# [Stored data]
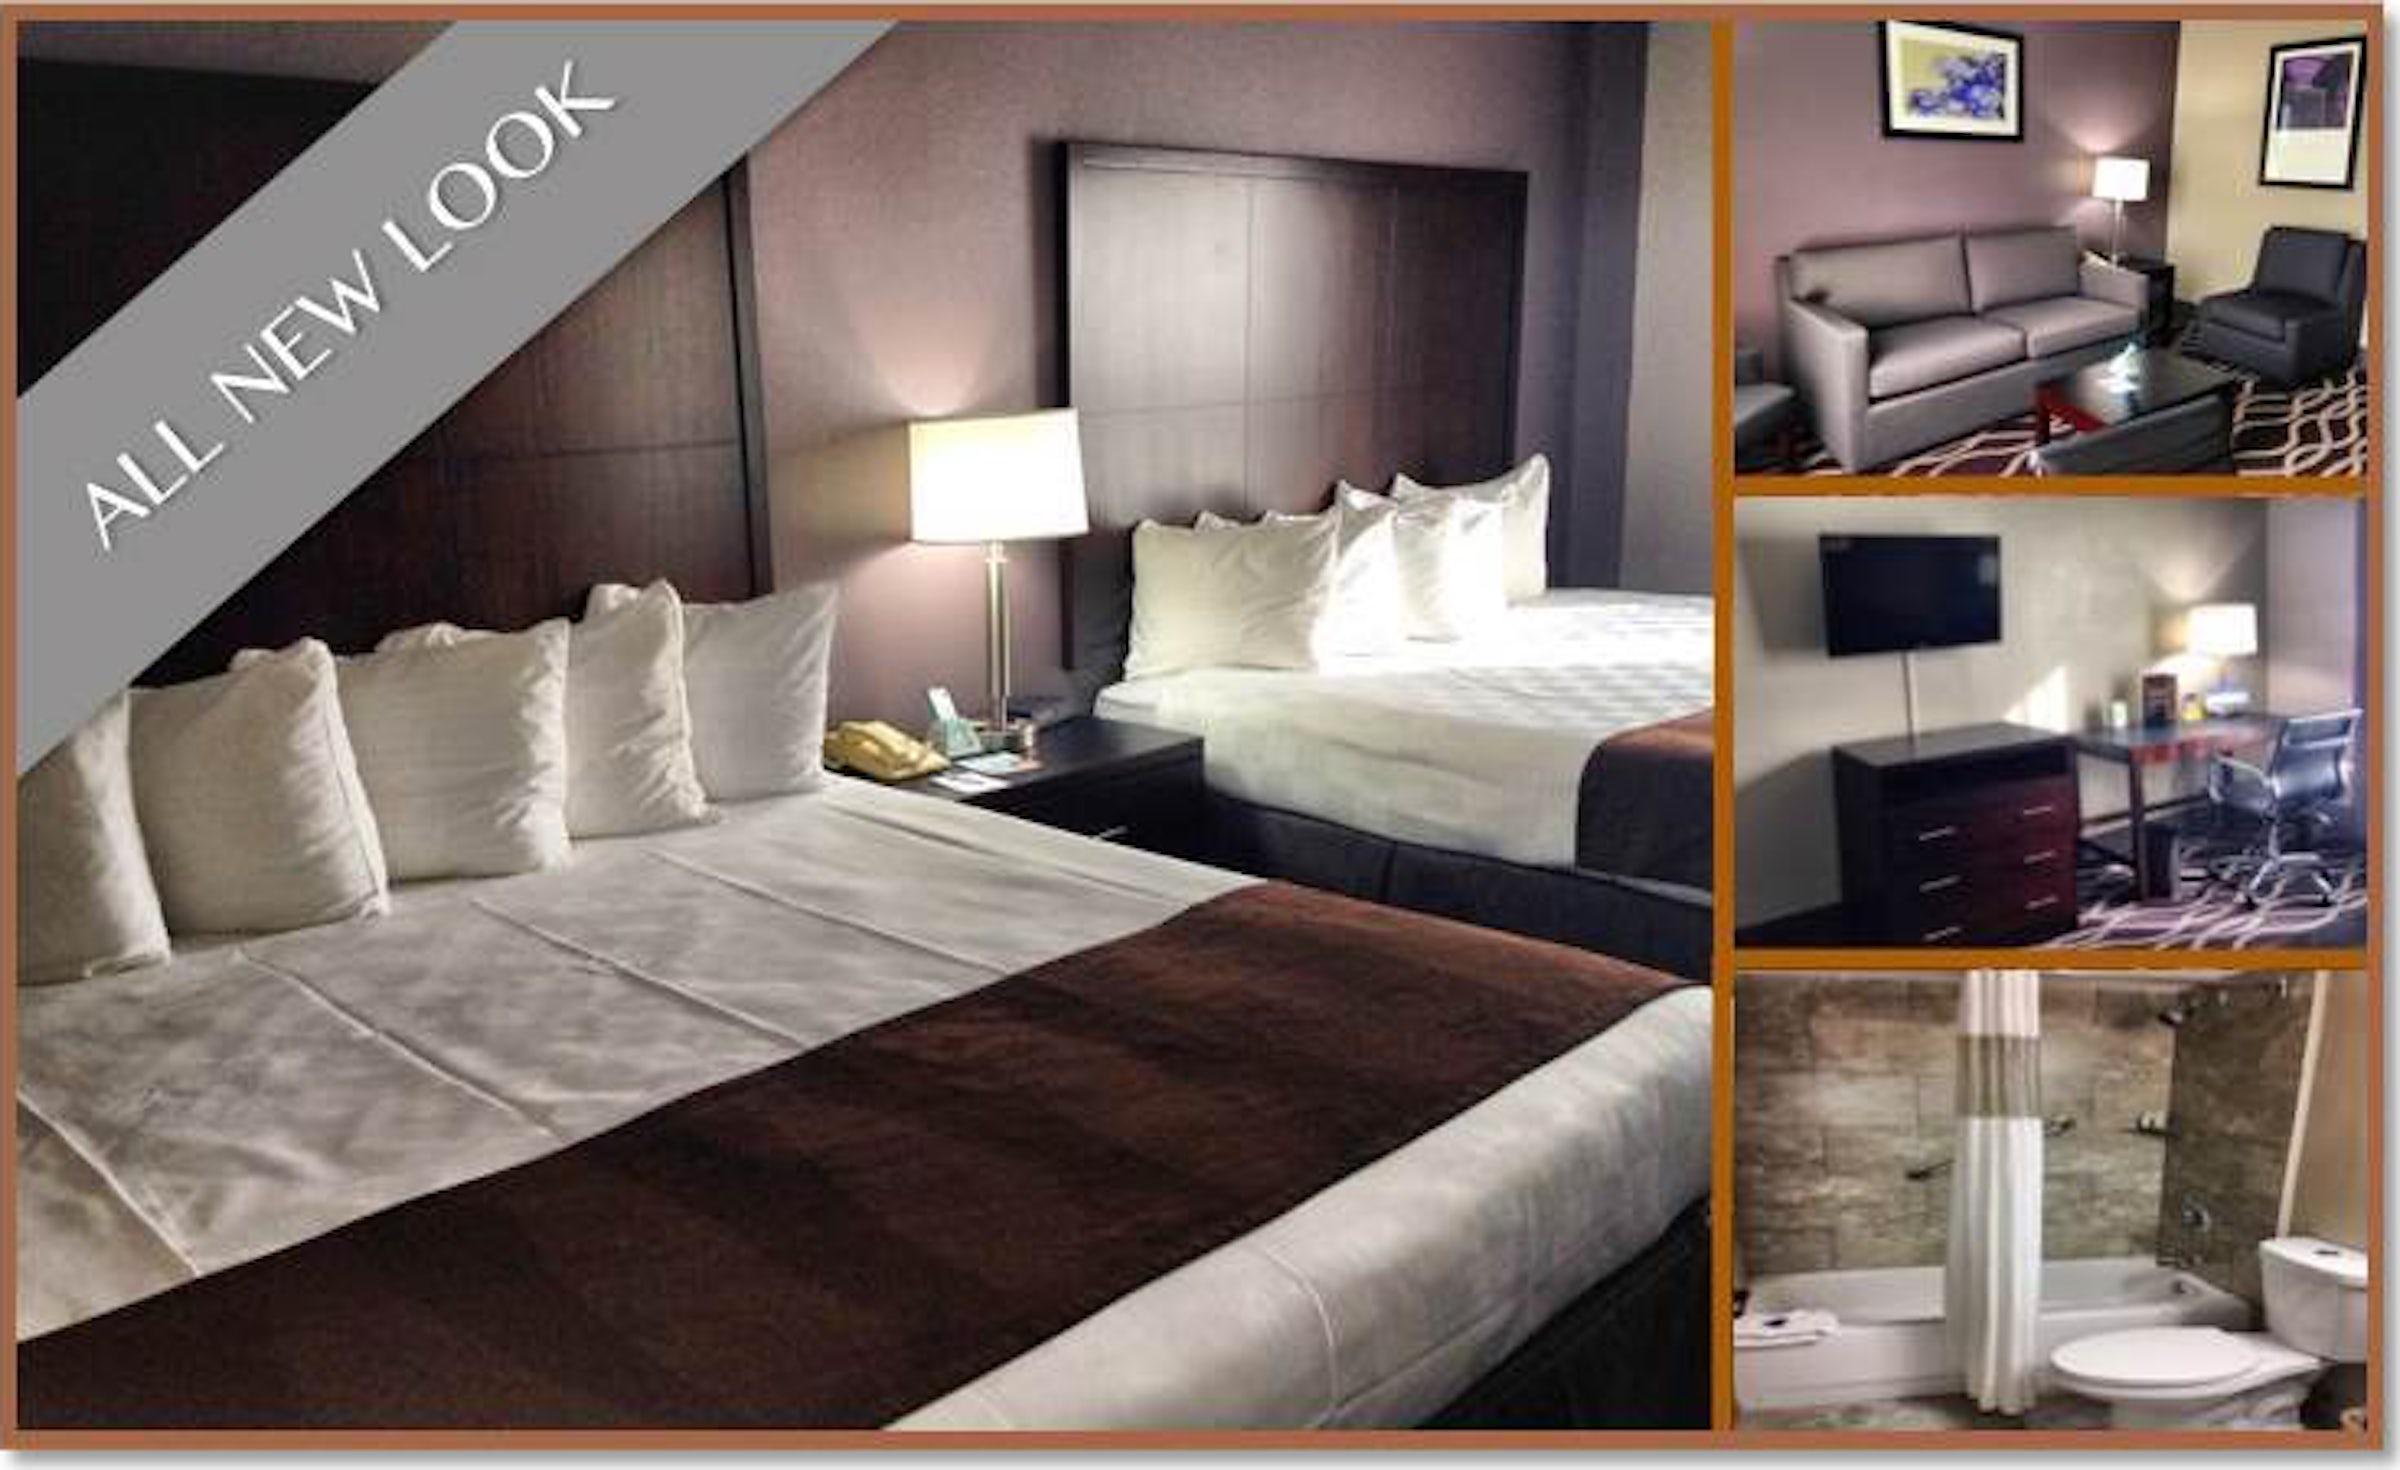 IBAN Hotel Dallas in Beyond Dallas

---

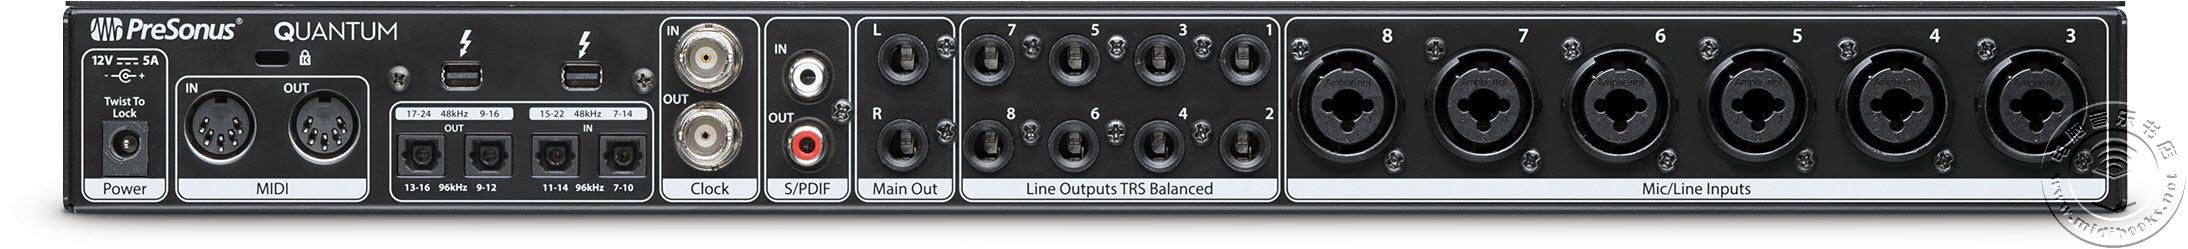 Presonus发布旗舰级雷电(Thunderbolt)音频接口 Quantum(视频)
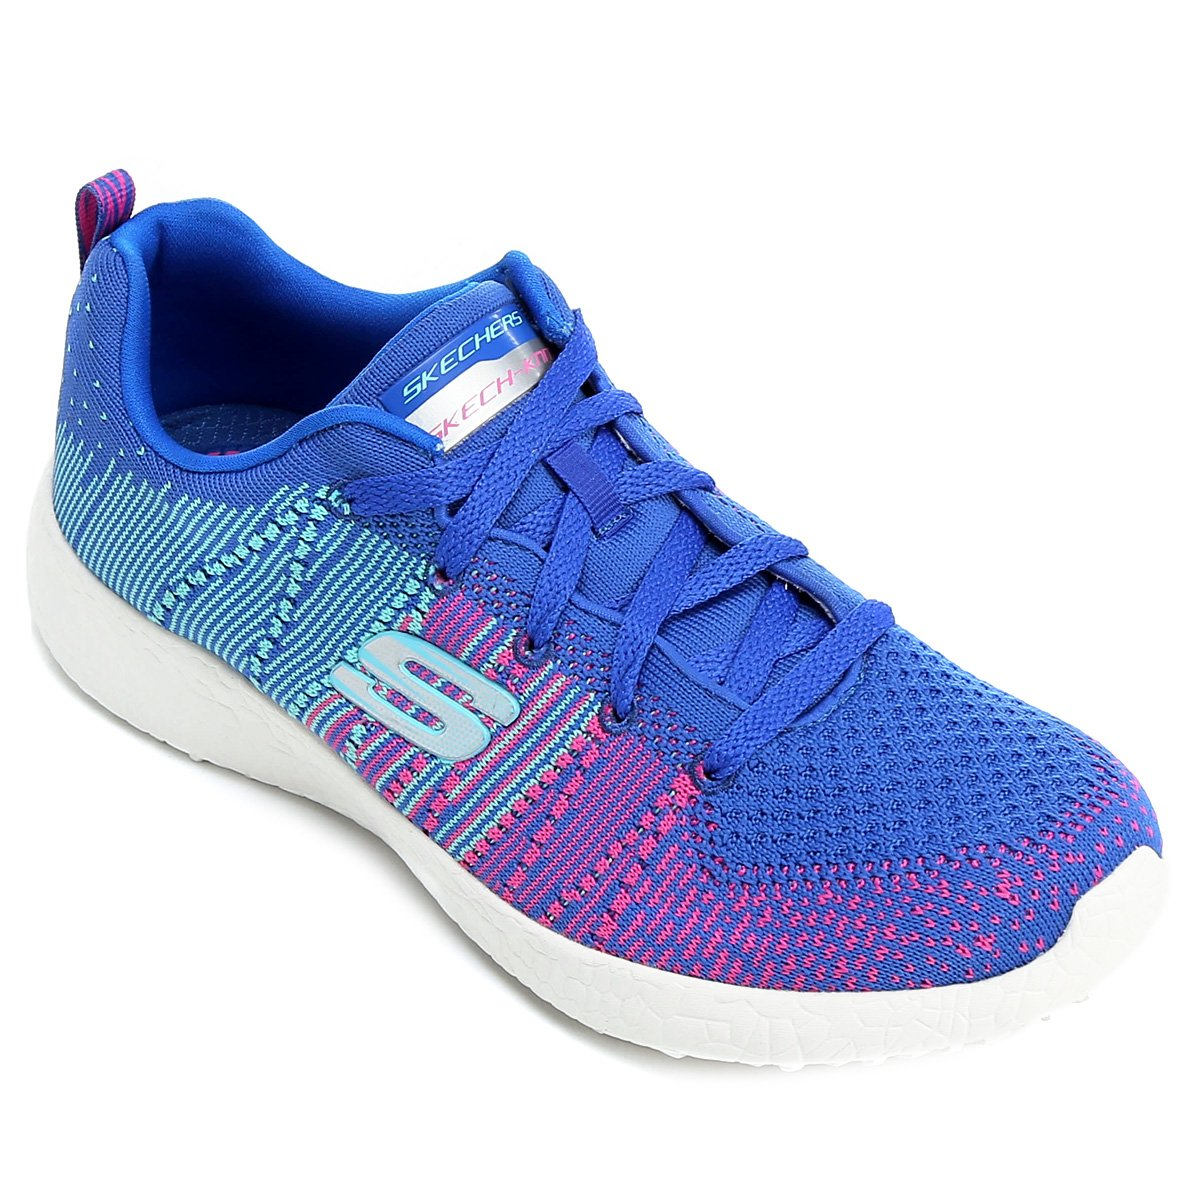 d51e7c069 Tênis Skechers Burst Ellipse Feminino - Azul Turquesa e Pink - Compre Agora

# [Goal of the exercise]
Within the entries above, the lines from the one containing "Presonus发布旗舰级雷" through the one containing "d51e7c069 Tênis Skechers" are to be transcribed exactly, ends included, pictures excluded.

# [Answer]
 Presonus发布旗舰级雷电(Thunderbolt)音频接口 Quantum(视频)
 d51e7c069 Tênis Skechers Burst Ellipse Feminino - Azul Turquesa e Pink - Compre Agora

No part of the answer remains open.